Theoretical framework—the (constant) digitalization of diplomacy
The digitalization of diplomacy has led diplomats to adopt a host of digital technologies ranging from SNS to mass messaging applications, blog sites, big data analysis, and virtual platforms such as Zoom (Adler-Nissen & Eggeling, 2022; Bjola & Holmes, 2015; Cornut, 2022). In this study, we contend that the digitalization of diplomacy is shaped by a confluence of events: an external shock to the international system and the emergence of an innovative technology.

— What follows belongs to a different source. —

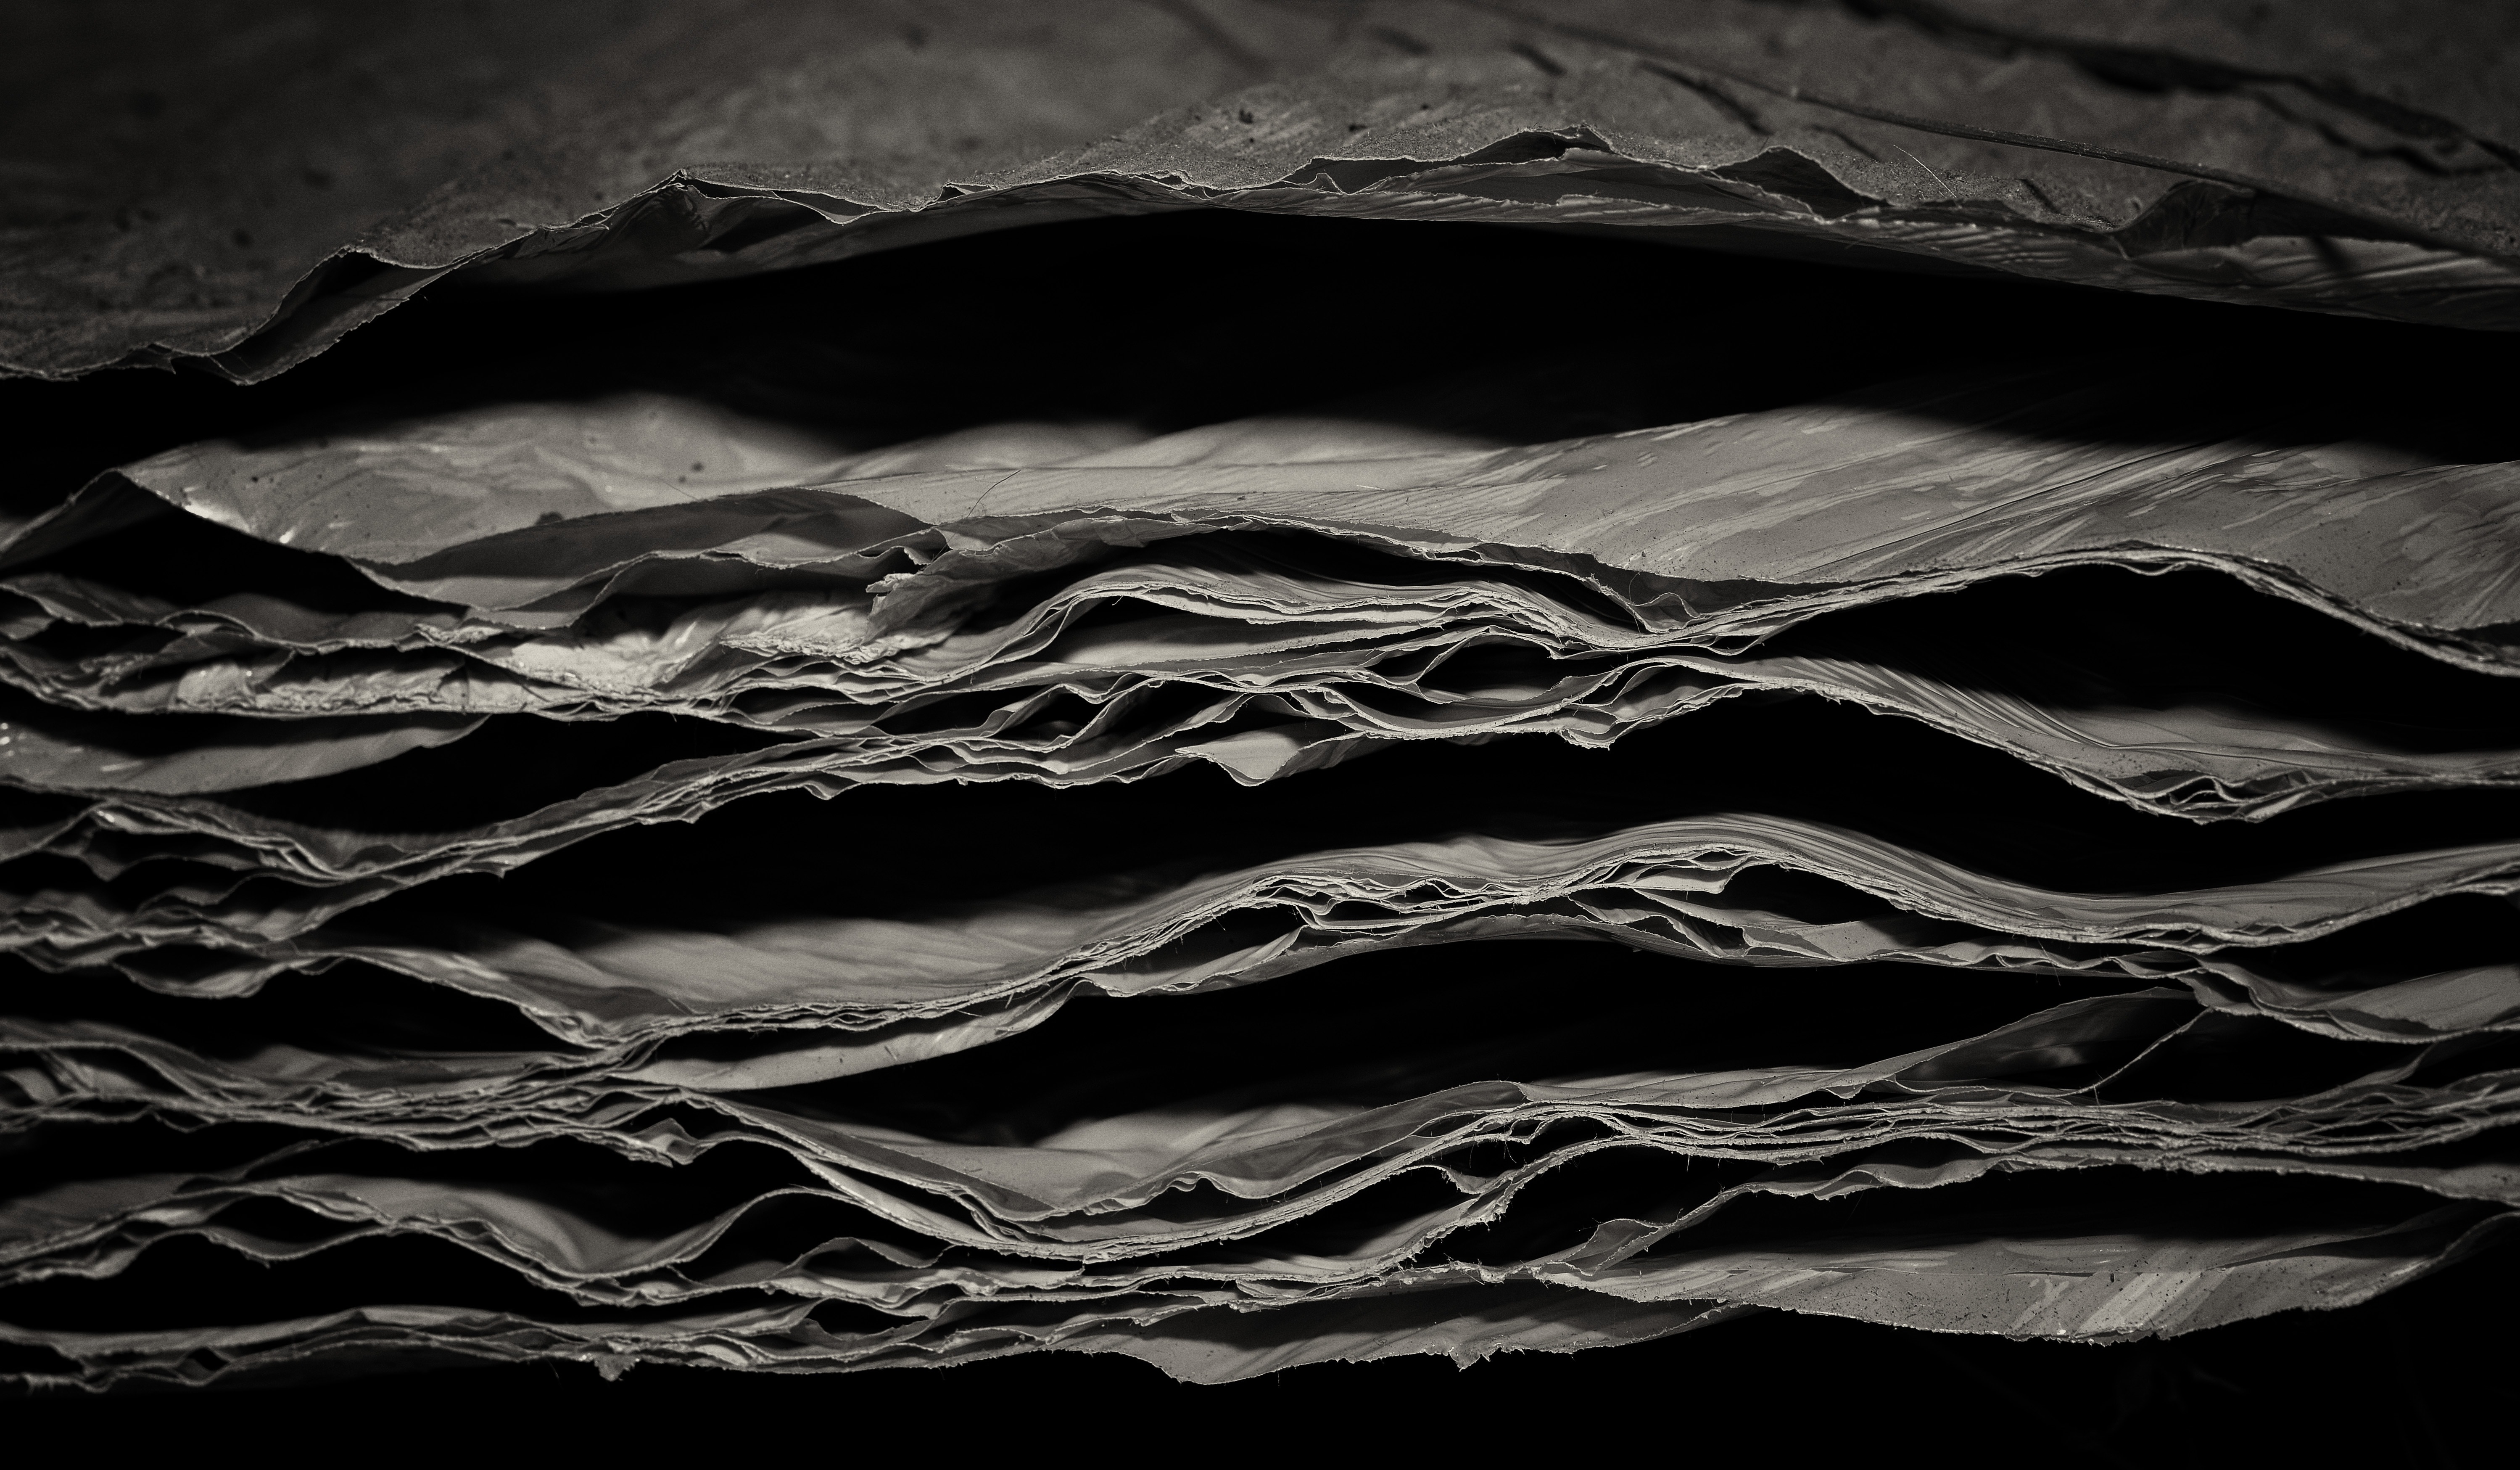 greyscale photo of pile of sheets

The digitalization of diplomacy began circa 2012 and was marked by diplomats’ use of digital technologies to create virtual ties by establishing virtual Embassies (Metzgar, 2012; Pamment, 2013). However, a confluence of events—the 2011 Arab Spring and the mass proliferation of SNS—facilitated a transition from “virtual diplomacy” to “digital diplomacy” in which diplomats eagerly embraced SNS while establishing social media empires spanning dozens of accounts across numerous platforms (Bjola & Holmes, 2015; Cull, 2013; Hocking & Melissen, 2015; Mazumdar, 2024; Sotiriu, 2015).
Soon, another confluence of events, the 2014 Crimean Annexation and the proliferation of digital disinformation, led to yet another shift from “digital diplomacy” to “data diplomacy” (Boyd et al., 2019). The use of fake news sites, trolls, and bots during the 2014 Annexation, the 2015 Brexit referendum and the 2016 US elections all impacted the digitalization of diplomacy as MFAs now used data analysis to counter disinformation (Bjola & Pamment, 2018; Manor & Yarchi, 2023).

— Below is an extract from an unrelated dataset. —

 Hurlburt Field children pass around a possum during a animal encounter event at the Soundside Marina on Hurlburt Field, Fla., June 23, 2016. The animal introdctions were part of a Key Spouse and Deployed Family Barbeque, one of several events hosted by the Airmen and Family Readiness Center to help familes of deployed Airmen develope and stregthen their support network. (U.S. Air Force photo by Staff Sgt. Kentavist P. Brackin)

Diplomacy’s digitalization altered again thanks to a third confluence of events marked by the external shock of the COVID-19 pandemic and diplomats’ use of virtual meeting platforms such as Zoom (Moral, 2023; Zaharna & Huang, 2022). Although Zoom was not a new technology when COVID-19 erupted, it was new among diplomats, who were used to interacting physically with counterparts (Bjola & Coplen, 2022). Yet with the advent of quarantines and lockdowns, diplomatic negotiations increasingly took place virtually, leading to the current practice of “hybrid diplomacy” which blends virtual and physical activities (Adler-Nissen & Eggeling, 2022; Bjola & Coplen, 2022; Bjola & Coplen, 2023).

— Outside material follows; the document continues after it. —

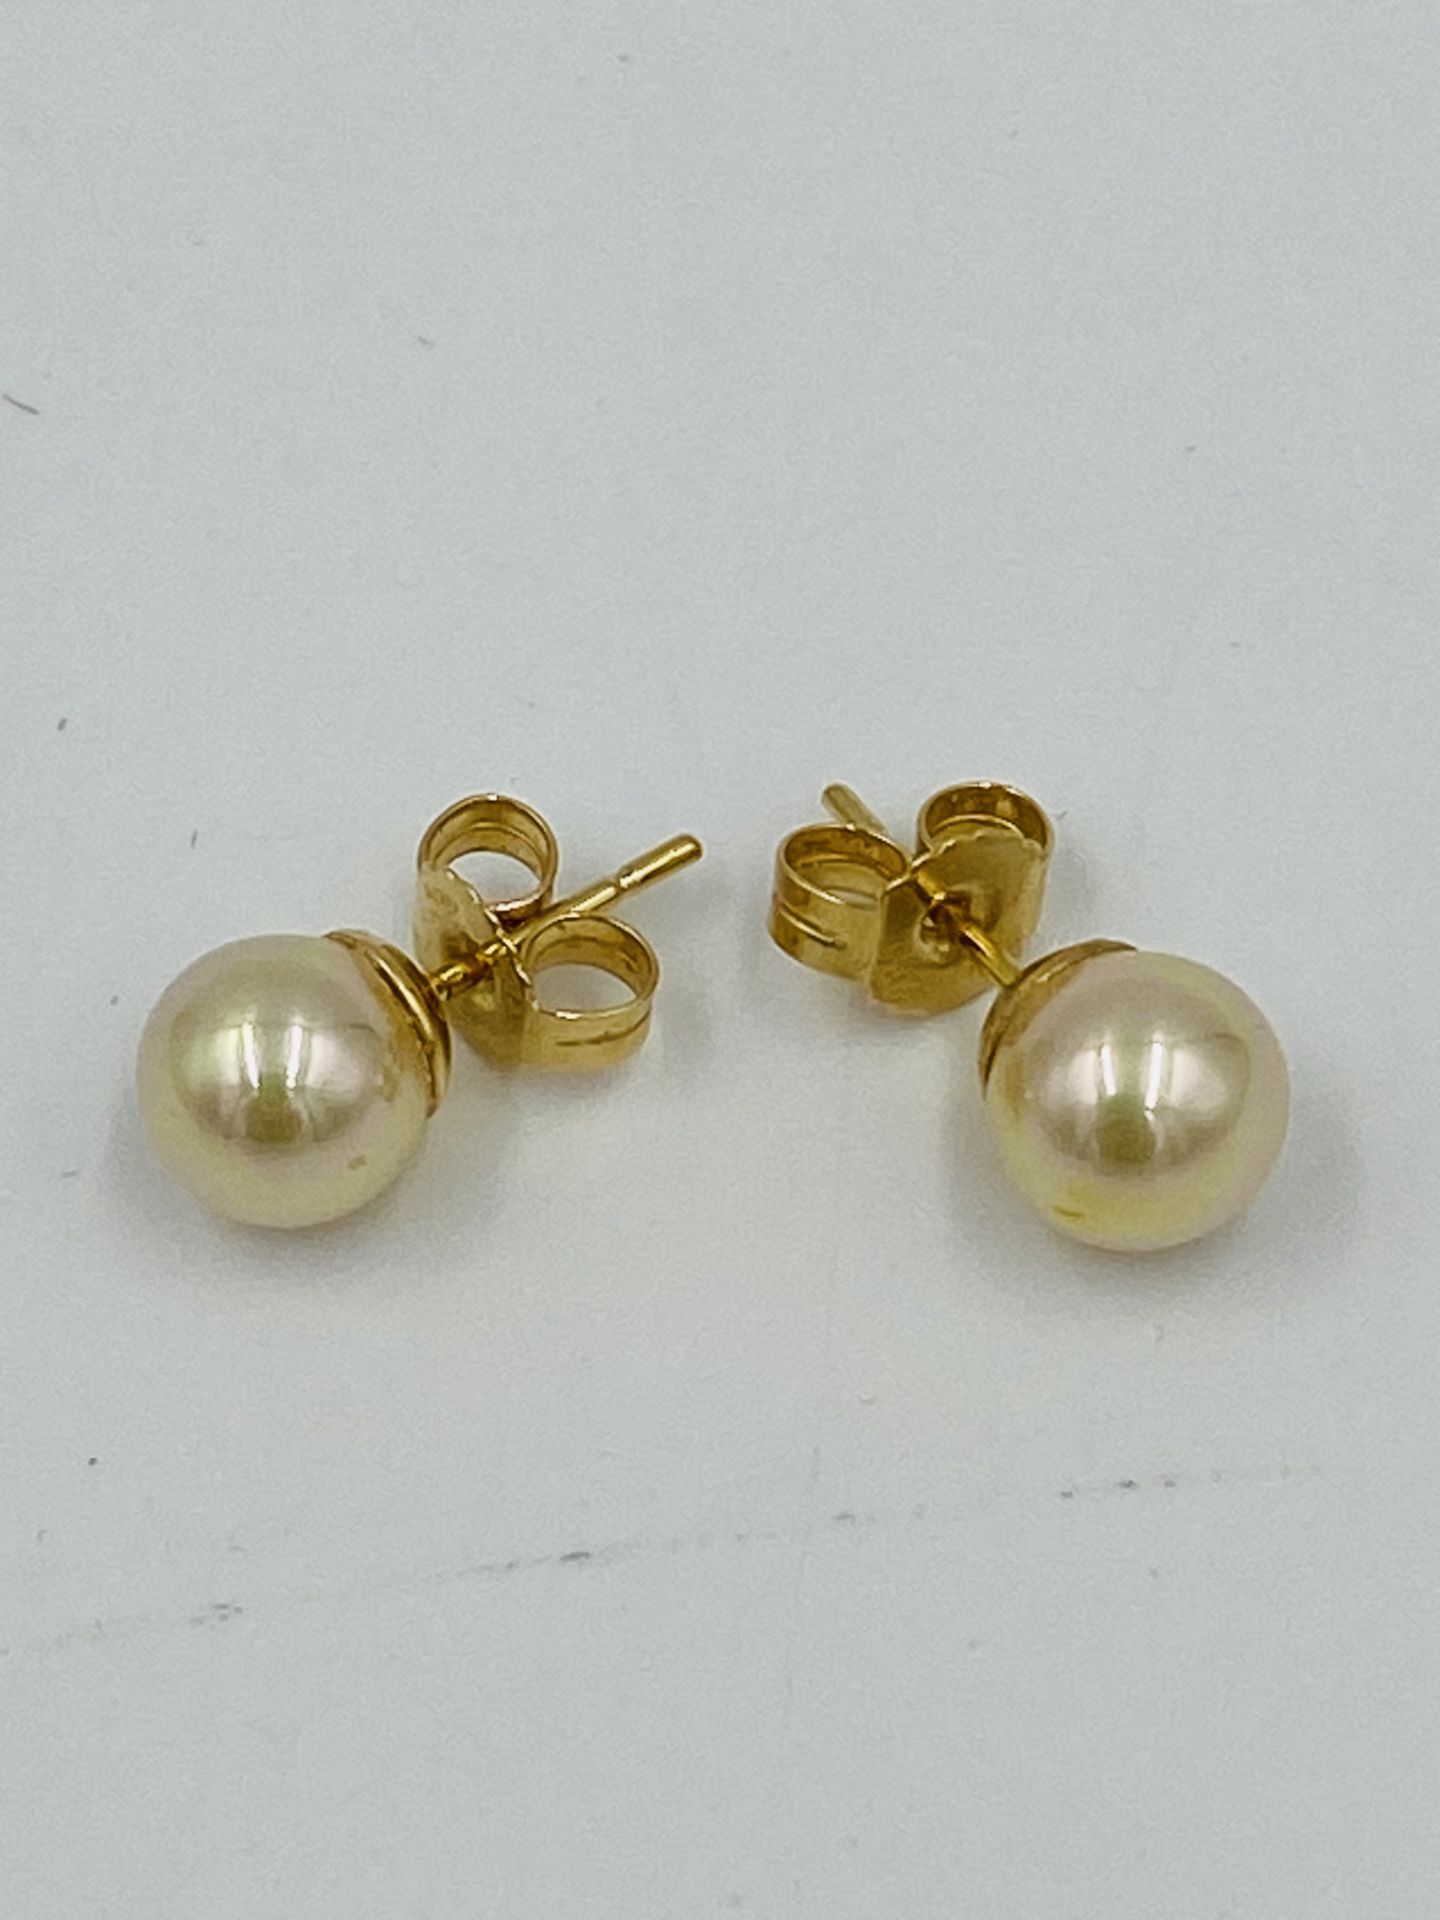 Pair of 18ct gold earrings set with a pearl - Image 2 of 4

This study contends that Russia’s 2022 invasion of Ukraine may yet again reshape the digitalization of diplomacy thanks to an external shock, the Russia–Ukraine War, and Ukraine’s innovative use of an existing technology, namely, SNS. This assertion rests on the fact that innovative uses of digital technologies diffuse among MFAs. As such, Ukraine’s use of SNS may soon be emulated by other MFAs. This study is the first to both map Ukraine’s SNS innovations and critically evaluate how these may refashion the practice of diplomacy while impacting diplomats, diplomatic institutions, and the publics of diplomacy. As such, this study focuses both on the field of public diplomacy, defined here as direct communication with foreign peoples, with the aim of affecting their thinking and that of their governments (Malone, 1985, p. 199), as well as the broader practice of diplomacy.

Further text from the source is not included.